帰りのバス停で、彼女、百合香と鉢合わせた。図書館でも聞いたかもしれないが、今日の演奏前のコールで初めて名前を認識した。前に並んでいた彼女に、声をかけると、笑顔で受け答えしてくれた。
「今日、聞きに行きましたよ」
「えぇ? ホントに来てくれたんですか?」
「お上手でした」
自分としては、嘘偽りのない感想だ。楽器の弾けない身としては、なんだって上手に思える。
「お恥ずかしいです。初見演奏なんて酷いものでしたし」
そちらは素人目にも酷かったので否定ができなかった。沈黙で答えると、百合香は苦笑する。
「いつも、なにを伝えたいのか、って怒られるんですよ。今日の講評もそうでした。自分では、頑張って解釈してるつもりなんですけどね」
テストが終わってすっきり、というよりは、どうも落ち込んでいる様子だった。そこを超えられないことが、彼女にはネックになっているらしい。
「俺には、良い演奏に思えましたけどね」
友人の感想も、百合香の悩みも、切って捨てていいものではないかと雅彦には思えてしまう。良いも悪いもない。すらすら弾ければそれでいいじゃないか、と思うのだ。さらり、と言った言葉に、本音を感じたのか、百合香は驚いたように雅彦を見た。
「ありがとうございます」
花のように笑った。雅彦の言葉が救いであったかのように、笑ったのだ。
**
そこから付き合いが始まり、交際に至って、百合香が入り浸るこのサークルへ入部した。二年に入ってすぐのことで、浪人して入学してきた香織と入った時期はさほど変わらない。
百合香と同時期に入ったというこの茅島は、雅彦よりも百合香との付き合いは一年長いことになる。一年生に取るべき単位をほとんど落としていて、学年上は同学年だが留年が確実らしいが、今年の入り浸り具合を見る限り、学校に来ていなかったわけではない。百合香との付き合いはこの男の方が確実に長いし深いのだろう。
「おまえ、自分がおかしいって自覚あるか?」
初見演奏のくだりから、百合香の出会いを掻い摘んで説明したら、茅島はそんなことを言った。至ってふつうの話をしたつもりなのだが、どこにそんな要素があったのだろう。

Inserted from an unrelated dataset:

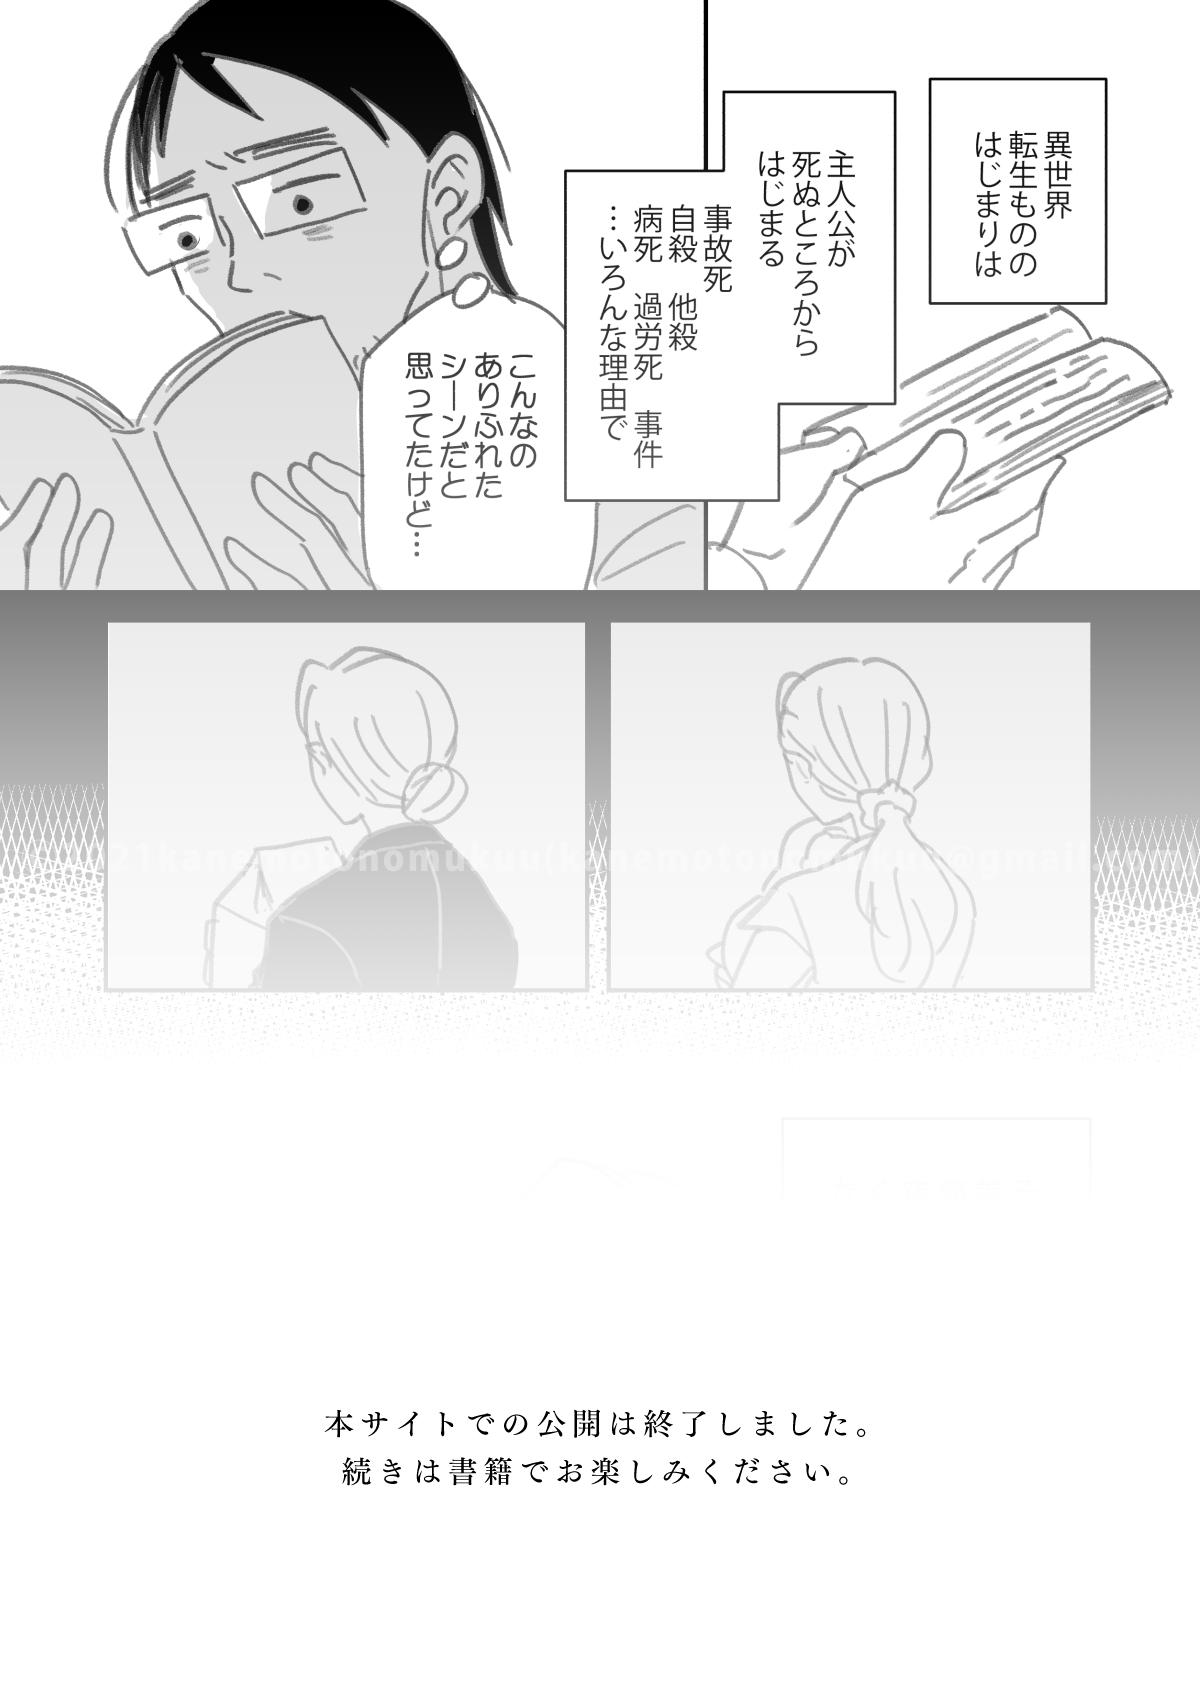 f:id:kanemotonomukuu:20211023143025j:plain

「俺はある。絵を描く以外のなんでも切り捨てられるだろうな。情緒も少々おかしいだろう」
茅島の言動はたまに倫理的におかしい。彼はおかしいこと自体は認識しているから、そこを踏み越えたりはしない。だから友人づきあいができるし、彼が問題を起こしたという話も聞かない。
「百合香がなんでおまえに惚れたのか、分かんないだろ」
あのときの言葉が嬉しかった、といつか聞いた。あのとき、とはいつのことか、まるで分からない。
「おまえにとっては、なんでもないどころか、百合香の悩みなんてくだらないって言っただけなんだろ。でも百合香にとっちゃ救いだった」
しまったな、そういう言葉をかければよかったのか、と茅島は苦笑している。今の話に出てきていることを言っているのだろうか。
「だって、俺にとって百合香の演奏はただ変な演奏だったし、悩むことに意義があると思ってたからな」
茅島が百合香に惚れていたらしいと分かったのは、さほど前のことではない。雅彦は恋愛の機微に疎いが、百合香以外に茅島は露骨だった。逆に言えば、百合香には伝える気が全くなかった。しまった、と言いながら、そういう、恋を実らせる努力なんかする気もなかっただろう。
茅島が席を立って、置いたスケッチブックには、百合香と百合と藤の絵がびっしりと描いてあった。